Thanks Sadie. I agree we will not see eye to eye.  Just because I feel differently about their history doesn't mean I don't respect it as HISTORY, not what current day SHOULD be. What makes me sad, and offended, is some comments you have made I have taken to mean that you don't seem to respect that I can still love this breed and still hate the old school thinking and dog men. Why are does it have to be one or the other? Why can't you accept some love the breed and hate the dog men? To me the breed is way MORE than just for fighting, which is just one trait they have. I can love all the others without loving true old school dog men. people/dogs are created in ways that people do not respect or like in current day situations, but that does not change how they are loved or treated today. So why do feel the two HAVE to go hand in hand?



LOVE MY DOGS said:


> To put it in other terms, just because I love icecream does that mean I should be eating it as my staple? NO - it is just not right and not healthy. I was born eating icecream...it doesn't mean that it is good for me. Just because a dog may "love" to do something, doesn't make it right. My dog likes eating socks..doesn't make it good for him.


Thats exactly what I am talking about. Shoot I would love to go punch out every Yankee's fan I come across, but its not acceptable and just because I would LOVE to do that does not make it right (and belive me THAT is a trait I was born with thanks to my family, lol (Go Red Sox) Just because your dog looks like he is having a ball does not make it the right thing to do.


----------



## william williamson (Feb 26, 2006)

ames said:


> Shoot I would love to go punch out every Yankee


now,as A native floridian, heres where I can agree.
hehehe,life sucks with s.fl. as the 6th burrough.


----------



## ames (Jun 6, 2010)

william williamson said:


> now,as A native floridian, heres where I can agree.
> hehehe,life sucks with s.fl. as the 6th burrough.

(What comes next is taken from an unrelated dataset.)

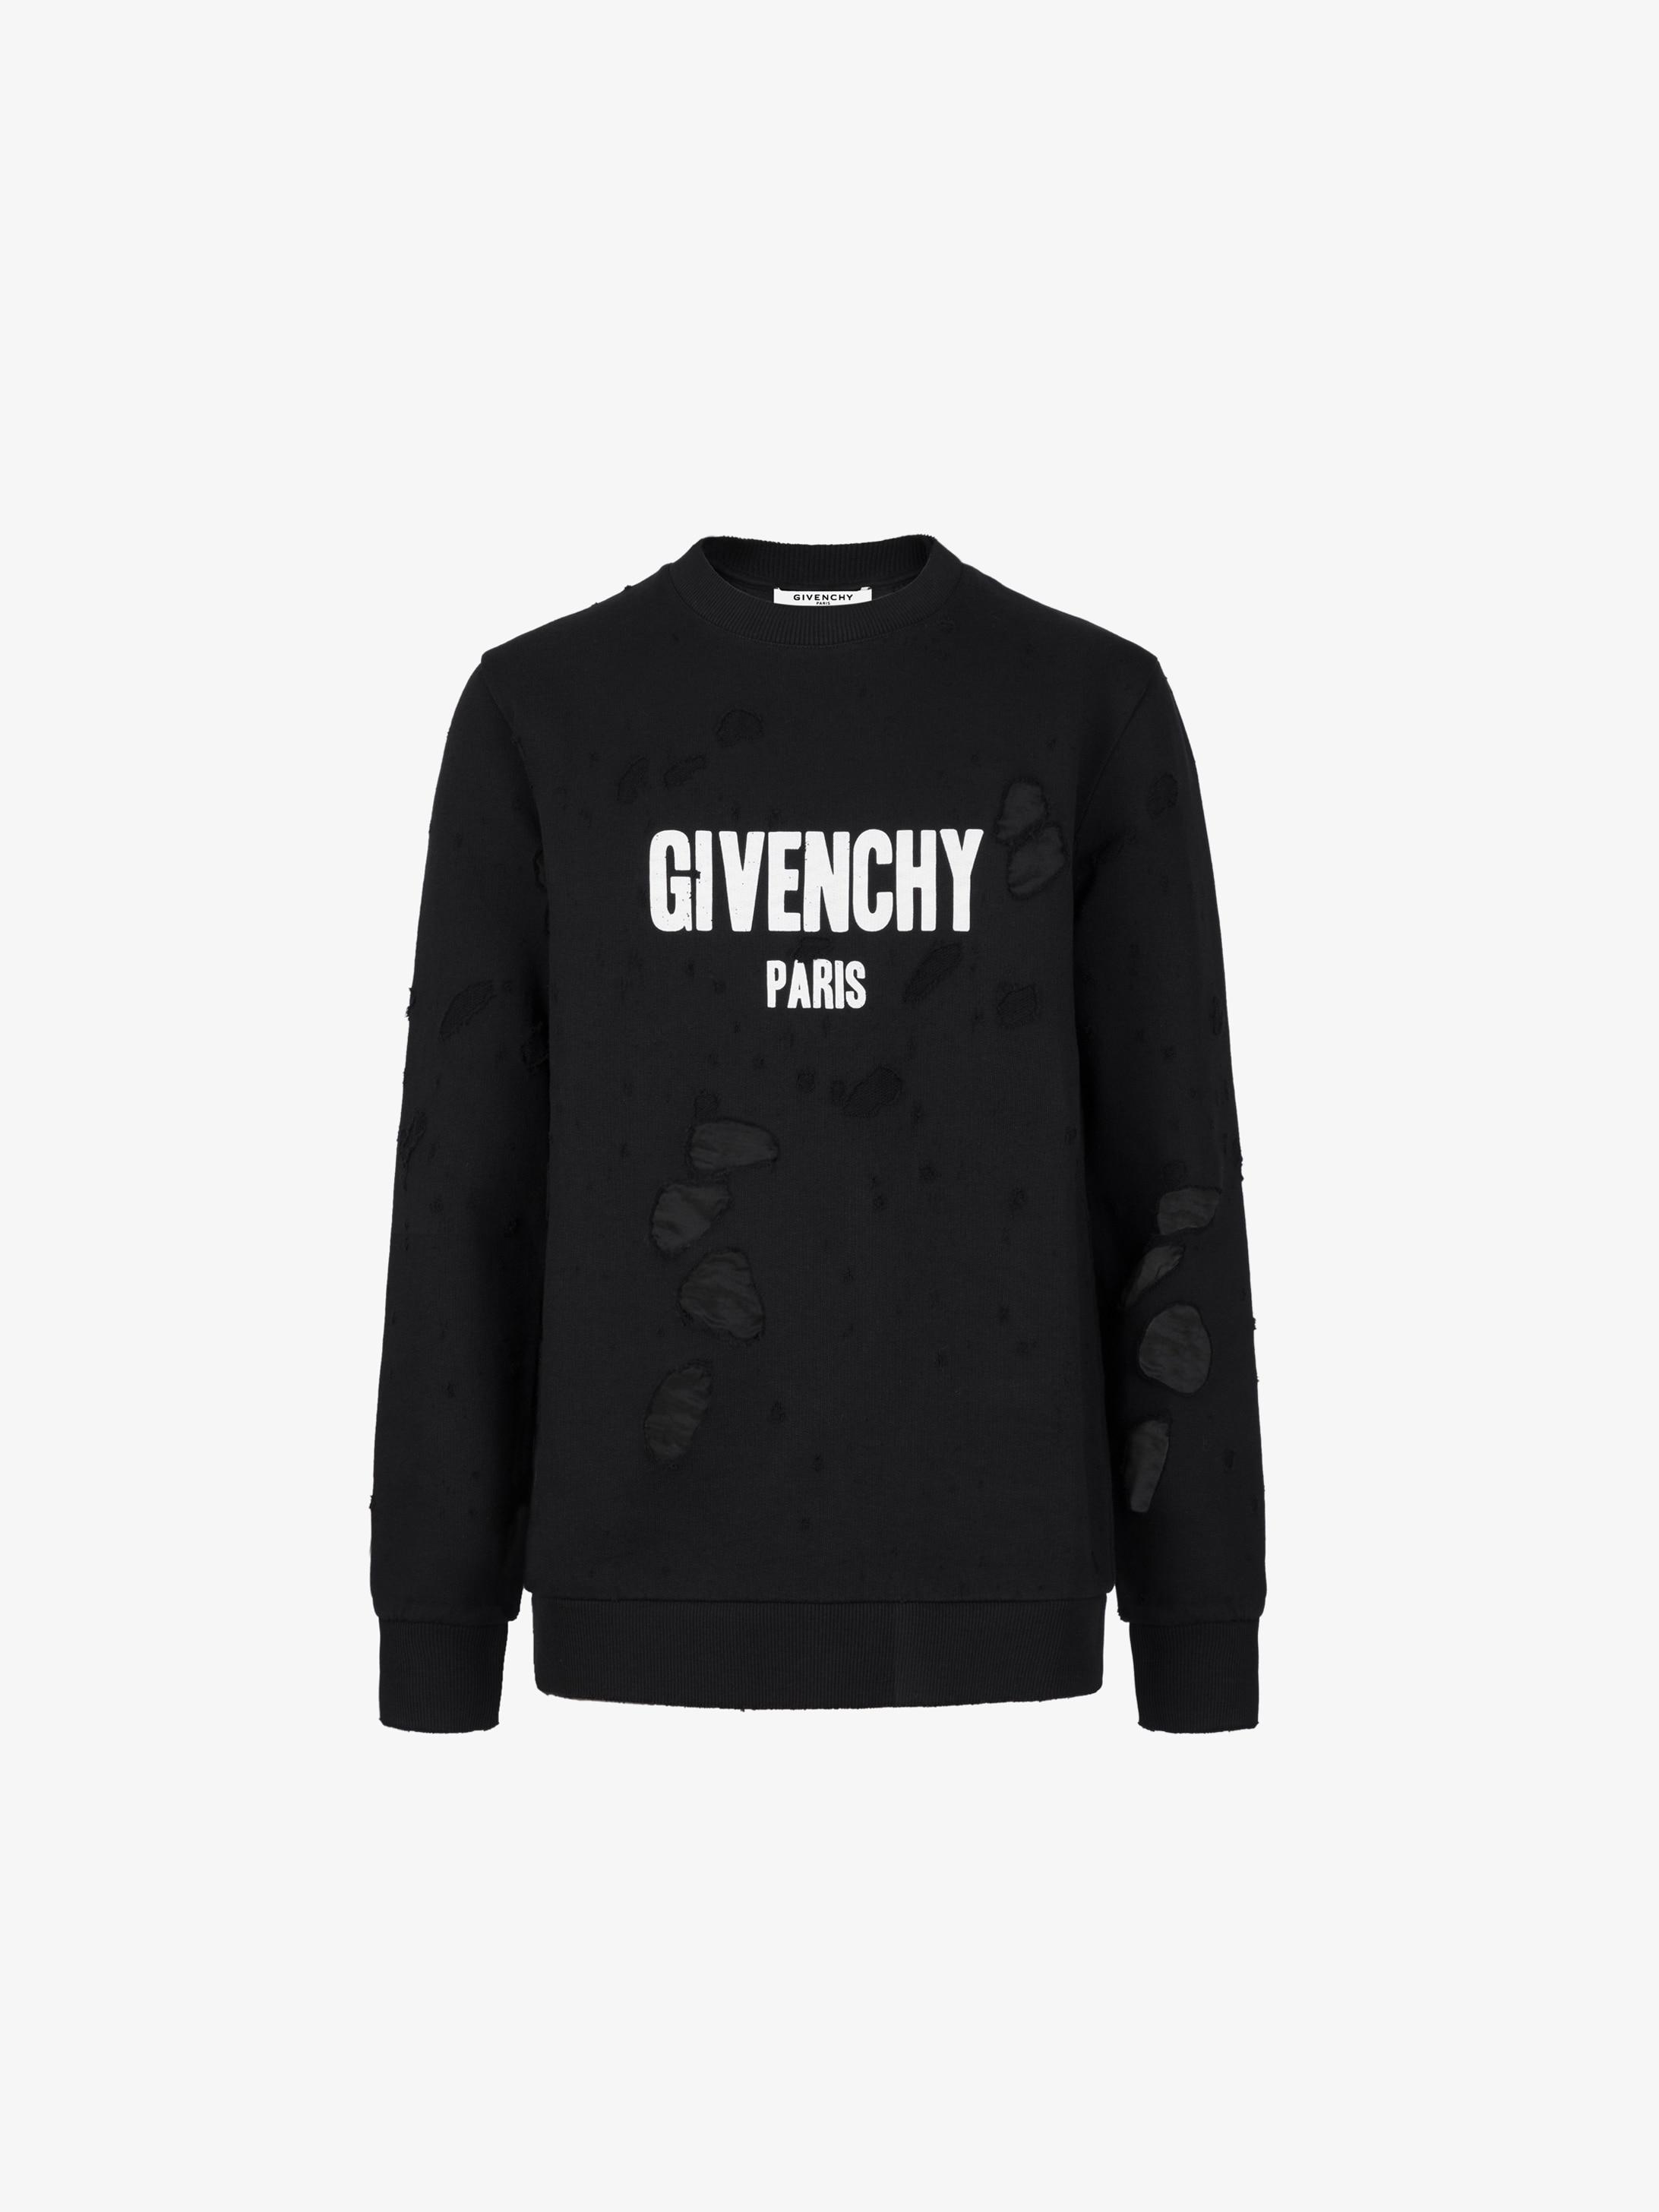 GIVENCHY PARIS destroyed sweatshirt

ugh oh, you talking Yankee as in baseball or yankee as in people who live up north, lol

My folks live in Estero, FL its totally a mini red sox nation  gotta love it.


----------



## performanceknls (Apr 4, 2009)

william williamson said:


> gaming dogs,for those who have no experience,you have only theory and opinion,that and A buck 25,you get coffee.


:goodpost: lol

Ames you are really going to sit there and tell me these dogs are the same breed? I could repeat myself again and tell you the difference but it seems like it is falling on deaf ears. we have to agree to disagree.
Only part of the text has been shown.